The authors would love to hear from professors who try variations of the “three blind drafts” exercise in their classrooms going forward. As the integration of generative AI into law practice and legal education becomes increasingly inevitable, sharing successful classroom techniques can help every professor seeking ways to present the challenges and opportunities of these technologies to our students.
[1] See, e.g., Kirsten K. Davis, A New Parlor is Open: Legal Writing Faculty Must Develop Scholarship on Generative AI and Legal Writing, 7 Stetson L. Rev. F. 1 (2024).
[2] The exercise presented in this article is meant to introduce students to the things generative AI does well, and things it may not do so well. There are myriad other ways to use generative AI in the legal writing classroom to help teach students how to do things like format memos. See, e.g. Sarah Parks, Using ChatGPT to Teach the CREAC Format to First-Semester Legal Writing Students, 36 Second Draft 1 (2024); Ashley B. Armstrong, Who’s Afraid of ChatGPT? An Examination of ChatGPT’s Implications for Legal Writing, https://papers.ssrn.com/sol3/papers.cfm?abstract_id=4336929; Sandra Simpson, ChatGPT Exercise in the LRW Class, Institute for Law Teaching and Learning, https://lawteaching.org/2023/02/13/chatgpt-exercise-in-the-lrw-class/.
[3] This classroom exercise could also be used in a persuasive writing class using different styles of briefs.
[4] To learn more about the process of drafting and revising prompts for generative AI, see Danny Liu, Prompt Engineering for Educators – Making Generative AI Work For You, Univ.
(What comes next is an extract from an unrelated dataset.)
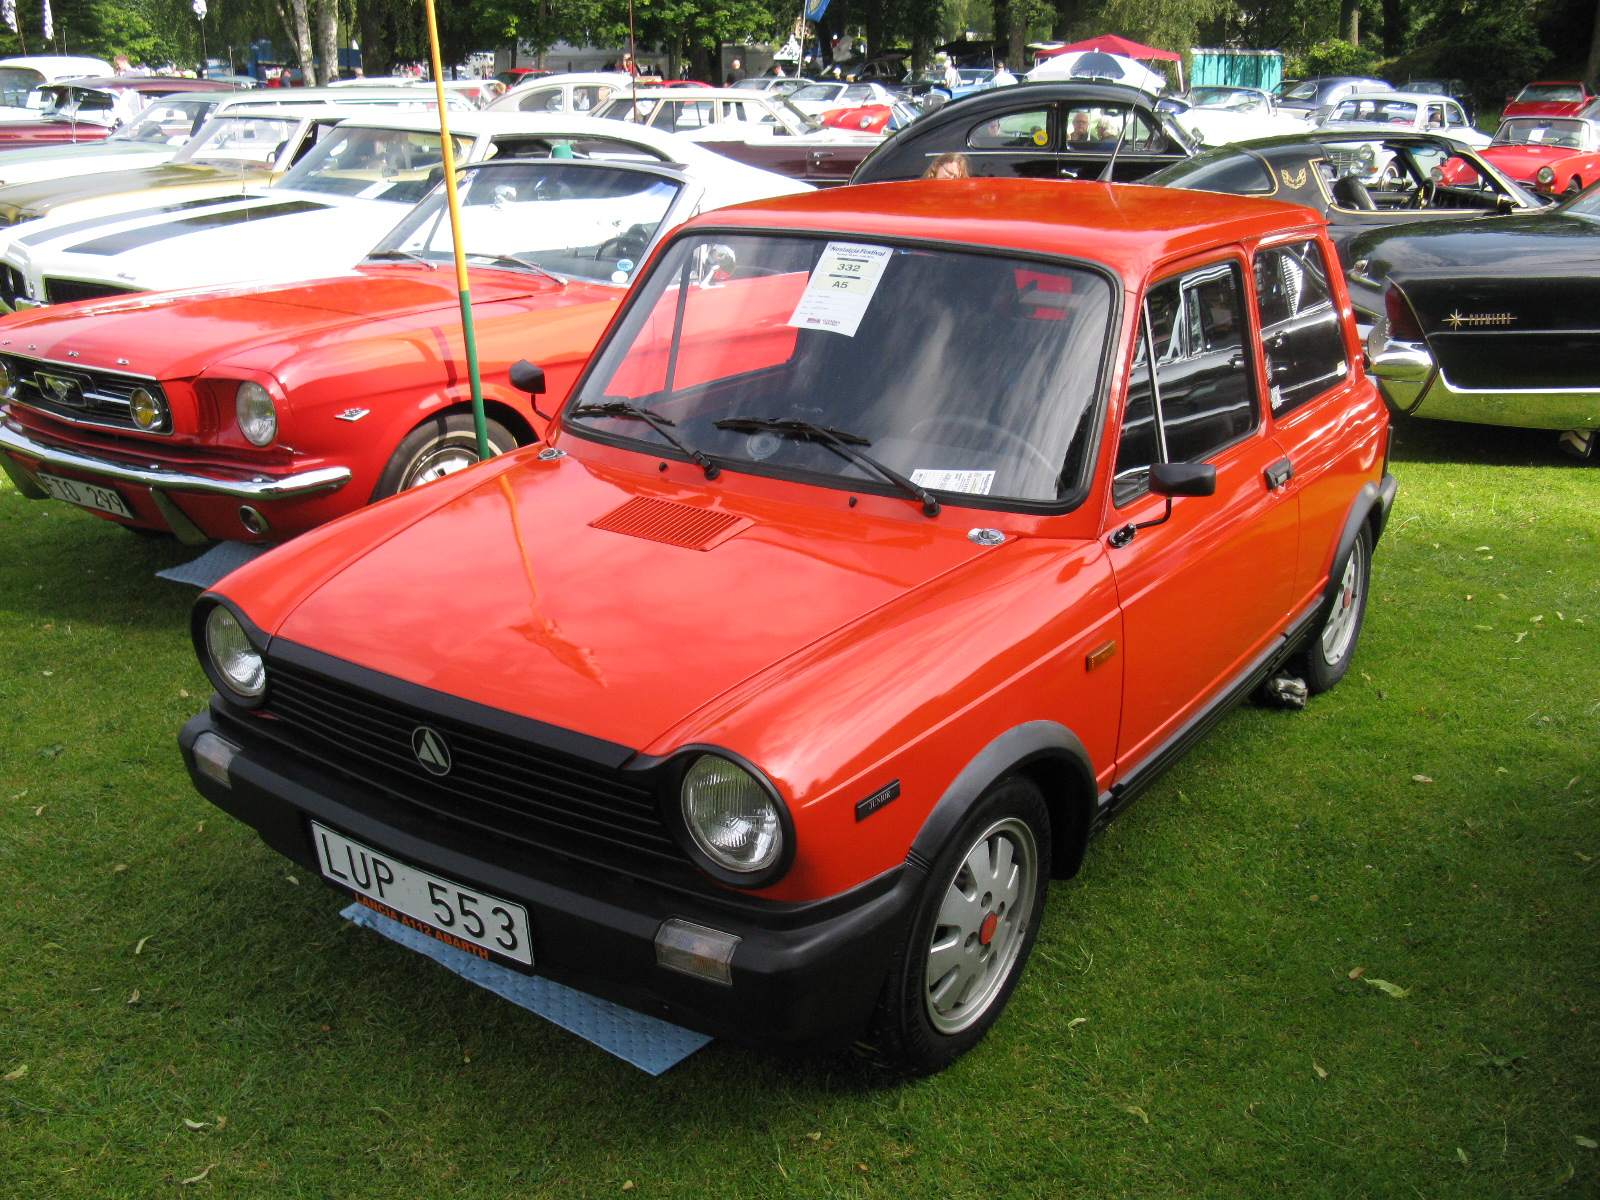 File:1984 Lancia A112 Junior (nakhon100).jpg - Wikimedia Commons
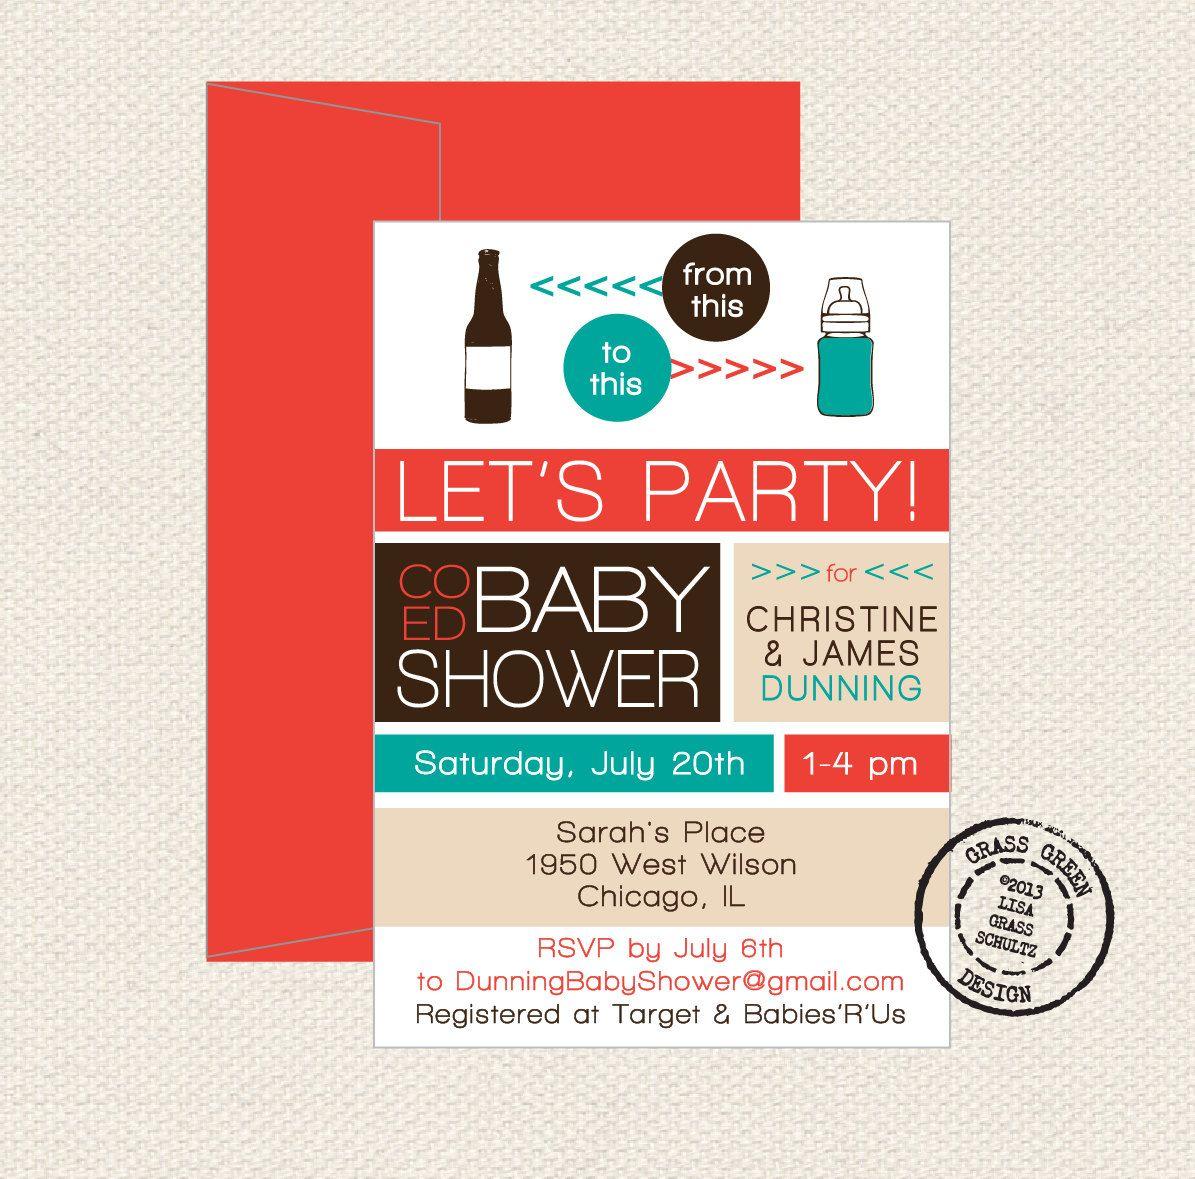 Co Ed Baby Shower Beer Bottle To Baby Bottle by grassgreendesign ...

Sidney Teaching Tips (Apr. 27, 2023), https://educational-innovation.sydney.edu.au/teaching@sydney/prompt-engineering-for-educators-making-generative-ai-work-for-you/; Jose Antonio Bowen & C. Edward Watson, Teaching with AI (Johns Hopkins University Press 2024) (this book, in particular, does a wonderful job of walking educators through the process of using generative AI in a way that is useful to both professor and student, and has been used by Professor Chase in determining best uses for generative AI in her courses, for this exercise and others).
[5] Prompt engineering is an iterative process, and prompts that work with one product may not work with another; in fact, a single prompt reused months later within the same product may not operate the same way due to the way generative AI works.
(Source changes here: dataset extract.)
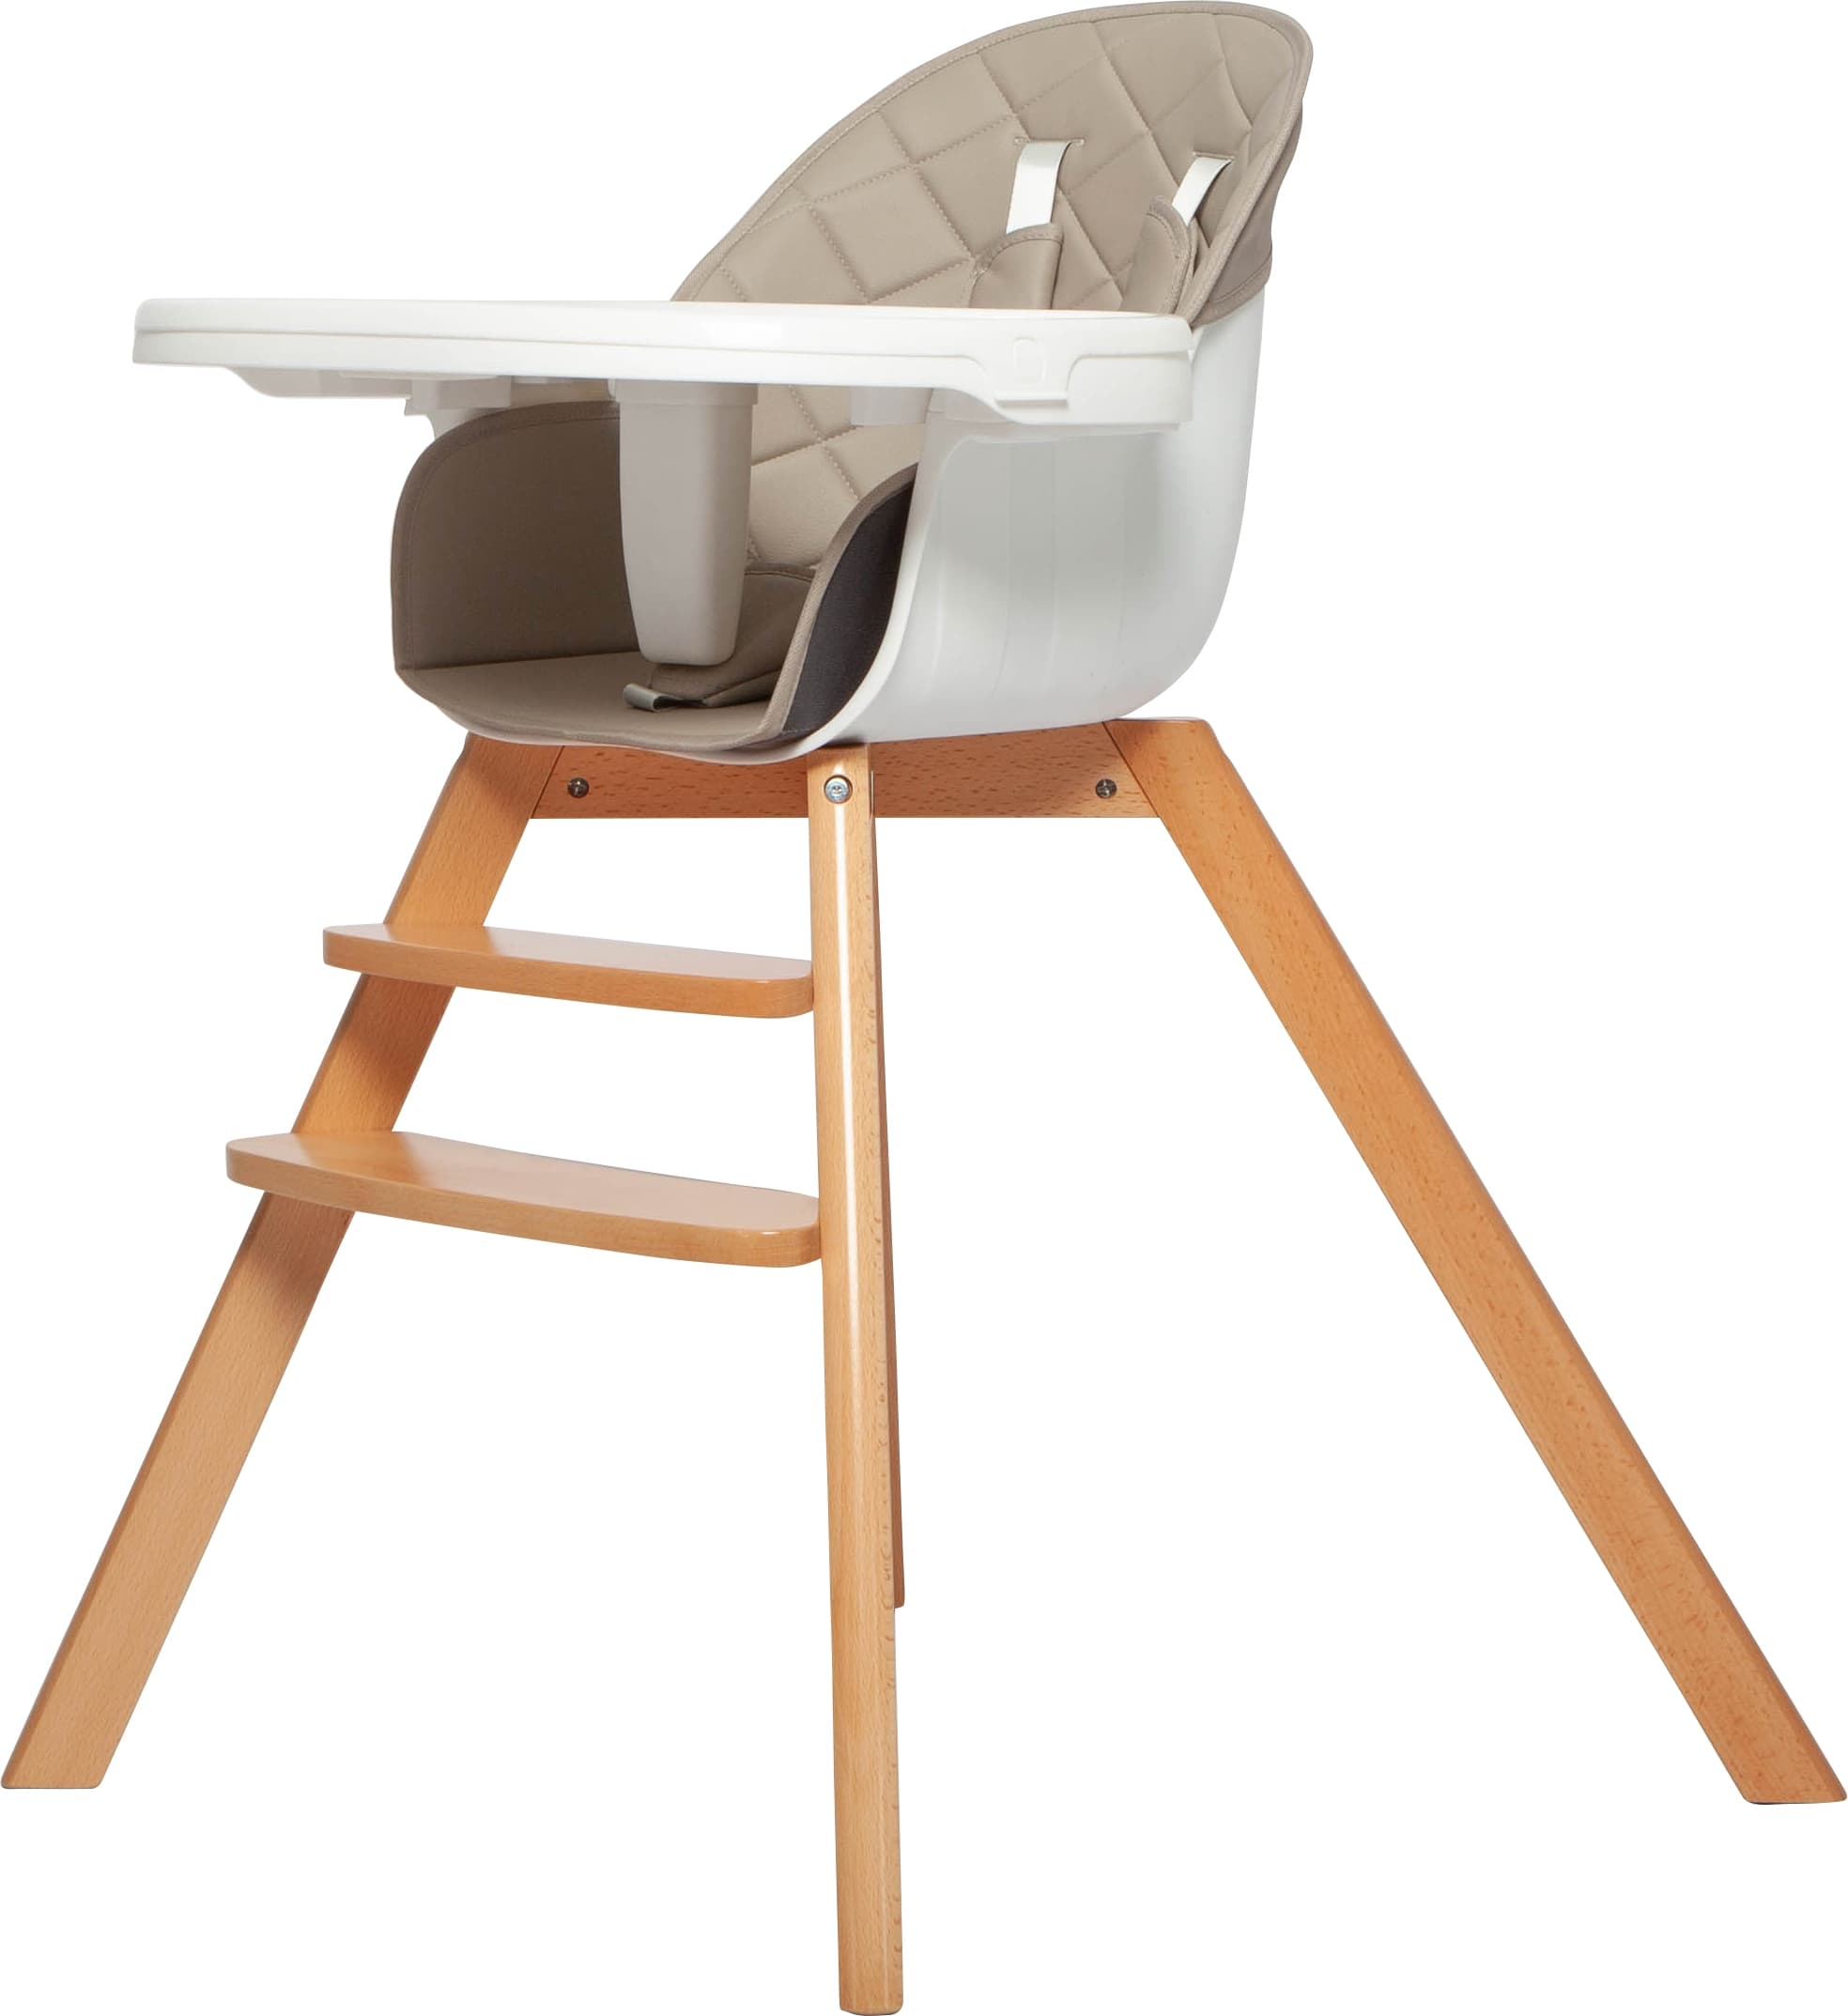 Grotime Birch High-Low Chair - Desert Grey

[6] Professor Chase originally planned this as an in-class exercise similar to Professor Alsbrook’s but, when faced with back-to-back class cancellations due to hurricanes Helene and Milton, shifted to an out-of-class delivery method. The exercise helped center students in what they were learning about legal writing without them having to draft anything themselves, and made an excellent lesson delivery for asynchronous education in exigent circumstances.